Plusieurs technologies sont en compétition. Pourquoi avoir choisi la voie du photonique ?
V. G. : Il existe cinq grandes technologies, développées en parallèle, pour faire fonctionner les machines actuelles : celles qui utilisent les atomes froids, les ions piégés, les supraconducteurs, les spins des électrons dans le silicium ou les photons. Toutes présentent des avantages et des inconvénients et on ne sait pas aujourd’hui laquelle s’imposera. Nous avons choisi de fabriquer des ordinateurs quantiques photoniques. Autrement dit, nous utilisons des flux de lumière pour réaliser les calculs à l’échelle du photon (la particule de lumière). La caractéristique du photon est sa robustesse : on peut le manipuler à n’importe quelle température et il ne perd pas l’information, même sur longue distance. Un ordinateur quantique photonique peut ainsi effectuer les calculs à température ambiante – un avantage en termes de consommation d’énergie – et être utilisé à l’avenir pour l’Internet quantique, un réseau mondial d’ordinateurs quantiques connectés entre eux.
Quels sont les atouts de la France et de l’Europe pour s’imposer comme leader mondial dans ce domaine ?
F. B. : La France est présente sur les grands enjeux technologiques en compétition dans le monde. Son écosystème quantique est dynamique, grâce à une recherche d’excellence – le prix Nobel de physique a été remis à Alain Aspect en 2022 – à un tissu de start-up, dont certaines leaders dans leur domaine, au soutien des pouvoirs publics – l’État a lancé en 2021 un Plan quantique français (PQF) – mais aussi de fonds d’investissement privés et de grands groupes.
Plusieurs start-up françaises ont réalisé de belles levées de fonds et parviennent à concurrencer les géants américains comme IBM, Google ou Microsoft . La France n’a donc pas à rougir et s’affirme comme un leader européen dans le quantique.
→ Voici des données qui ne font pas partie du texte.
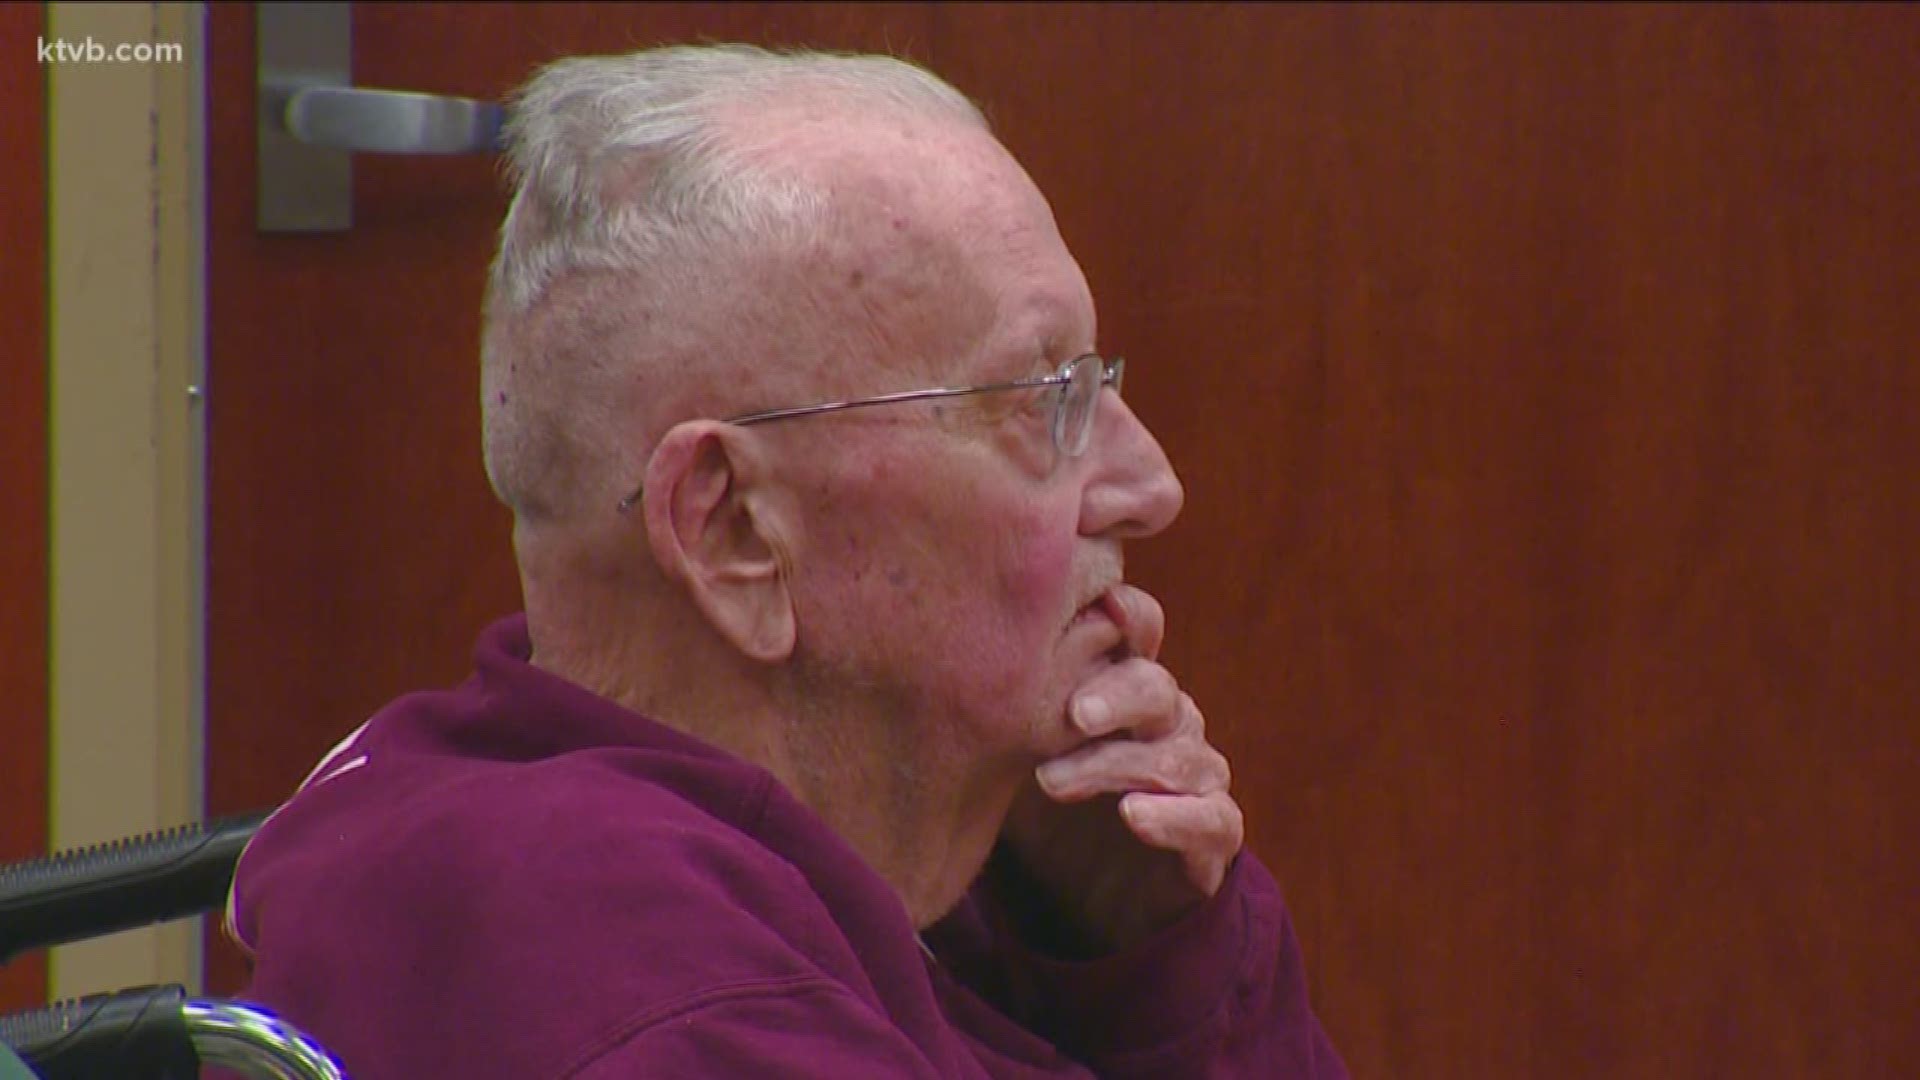 The retired Boise priest was sentenced in an Ada County courtroom Thursday.

Cependant, même si l’Union européenne, la France et d’autres pays européens se mobilisent, ils ne peuvent concurrencer les États-Unis et la Chine en termes de niveaux d’investissements. Les entreprises françaises et européennes doivent accélérer leurs investissements dans le quantique et soutenir le développement des start-up. C’est un enjeu majeur pour conserver nos technologies et rester dans la course. Construire un écosystème fort est une question de souveraineté européenne.
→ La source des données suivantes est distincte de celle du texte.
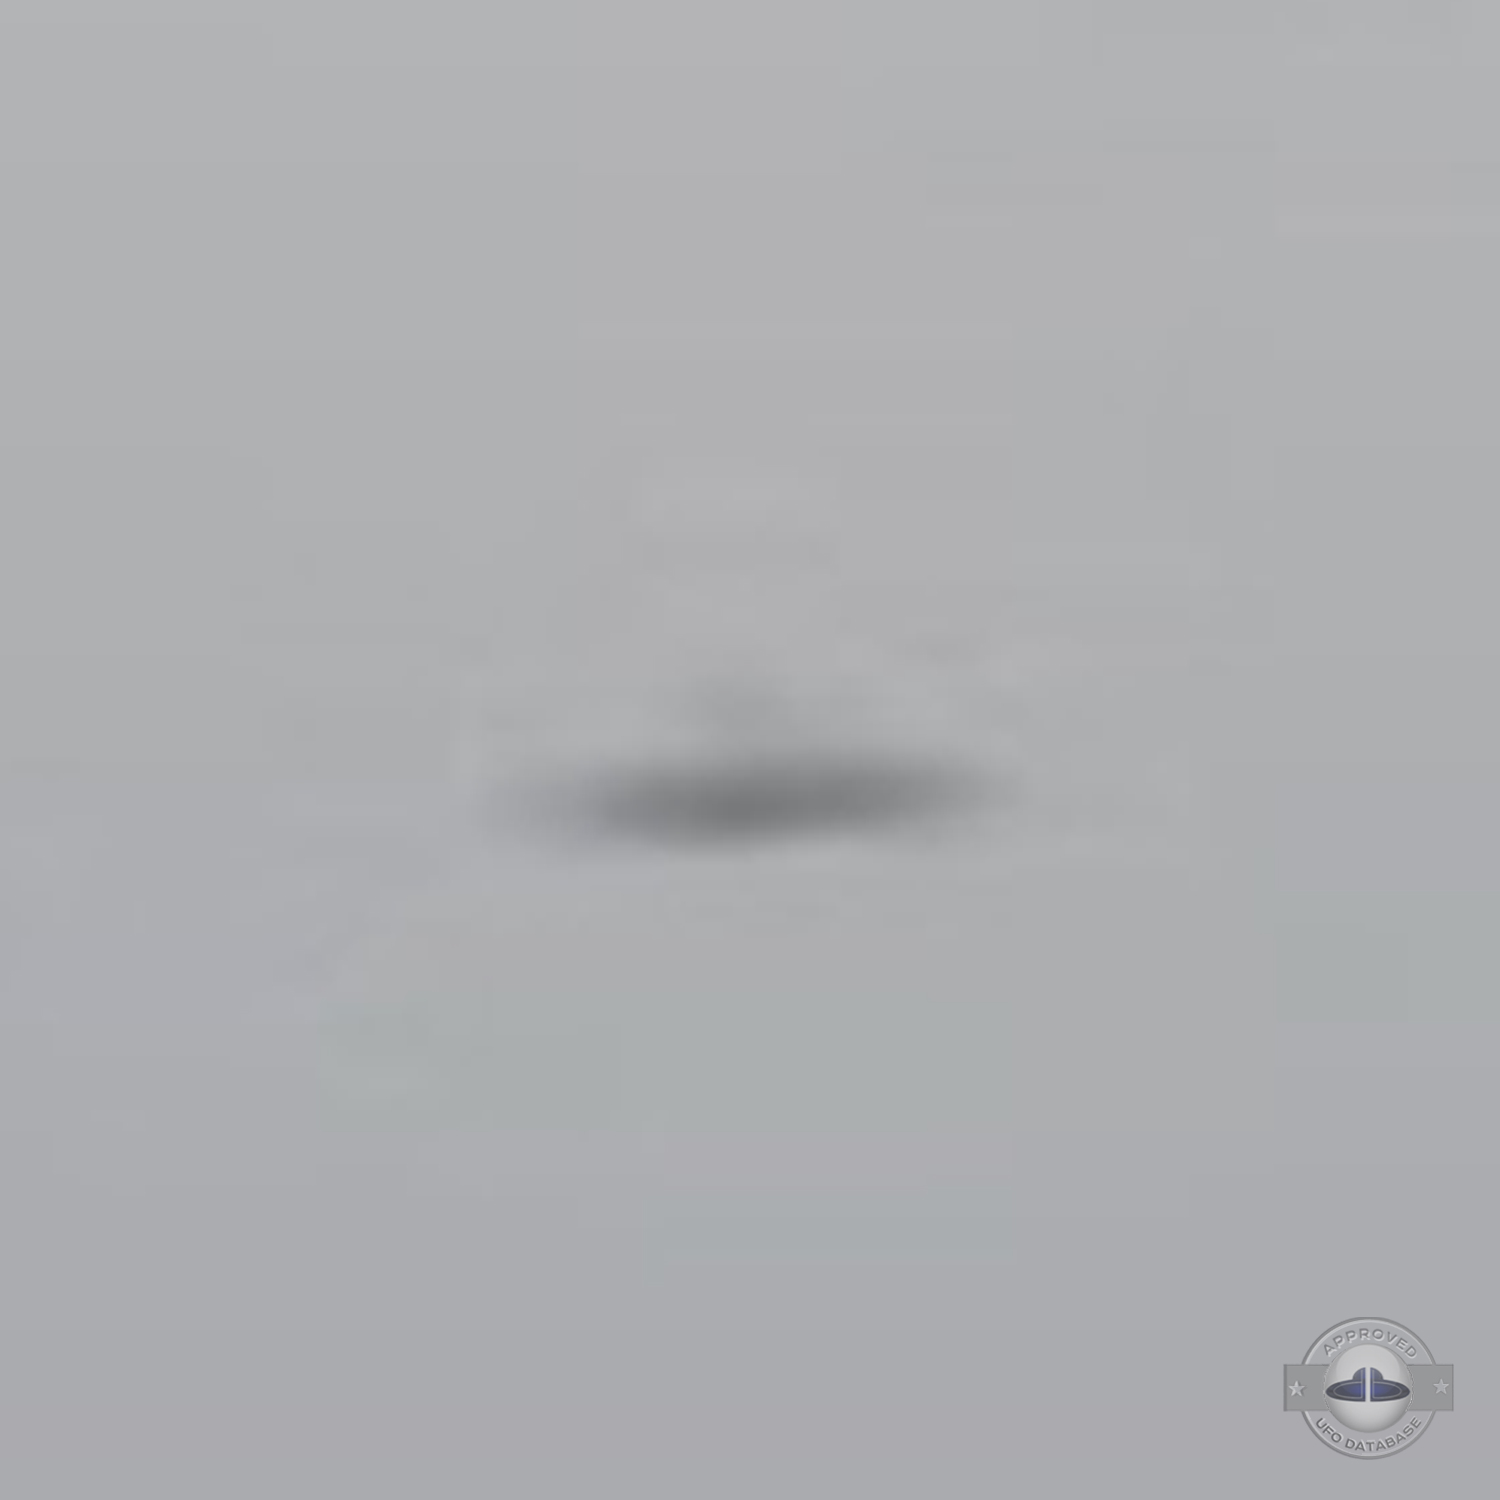 Ise Shima National Park UFO picture | Kansai, Japan | July 12 2009 UFO Picture #236-3

V. G. : L’écosystème français s’est constitué suffisamment tôt et il est à présent l’un des meilleurs au monde. Le soutien des pouvoirs publics est déterminant pour que les acteurs français et européens gardent leur avance technologique. Le ministère des Armées a ainsi lancé le programme Proqcima en mars 2024 et signé des accords-cadres avec des start-up françaises pour se doter de deux prototypes d’ordinateurs quantiques universels d’ici à 2032. Nous avons également été sélectionnés par la Commission européenne en septembre 2024 pour livrer les premiers ordinateurs quantiques à des centres de calcul européens. Côté privé, les entreprises ont encore un peu de mal à se projeter dans une technologie émergente, qui sera mature d’ici 5 à 10 ans. Or, pour être opérationnel en informatique quantique en 2030, il faut être proactif dès maintenant, en particulier pour former les talents nécessaires et s’approprier les nouvelles techniques de calcul.
Quid de l’ordinateur quantique universel ?
V. G. : L’ordinateur quantique universel (large scale quantum) est vu comme le Graal ! En réalité, universel ou pas, l’ordinateur quantique ne remplacera pas l’ordinateur classique dans un avenir proche. Les deux seront complémentaires, avec une hybridation de processeurs qui résoudront ensemble de plus en plus de problèmes. Ces machines hybrides intégreront les solutions actuelles et celles du quantique qui sont en train d’être développées pour de nouveaux usages.
UNE REVUE
« Le quantique : une deuxième révolution en ébullition »
Polytechnique Insights n° 5, octobre 2023
DEUX RAPPORTS
Can Europe Catch Up with the US (and China) in Quantum Computing?
Boston Consulting Groupe, 2022
UN DOCUMENTAIRE
La quantique change-t-elle notre réalité ?
42 – La réponse à presque tout, série documentaire scientifique ARTE, 2024

L’Europe, « vallée quantique » du monde ?
Dans la course à la technologie quantique, l’Union européenne affiche ses ambitions. Les 26 États signataires de la déclaration de l’UE sur l’informatique quantique de décembre 2023 s’engagent à développer un écosystème quantique européen. Objectif : faire de l’Europe la « vallée quantique » du monde.
Une coopération européenne amorcée avec le Flashy Quantique. Lancée en 2018, cette initiative réunit 1 milliard d’euros sur 10 ans pour financer plusieurs projets de recherche. Sa vision à long terme est de développer un Internet quantique en Europe.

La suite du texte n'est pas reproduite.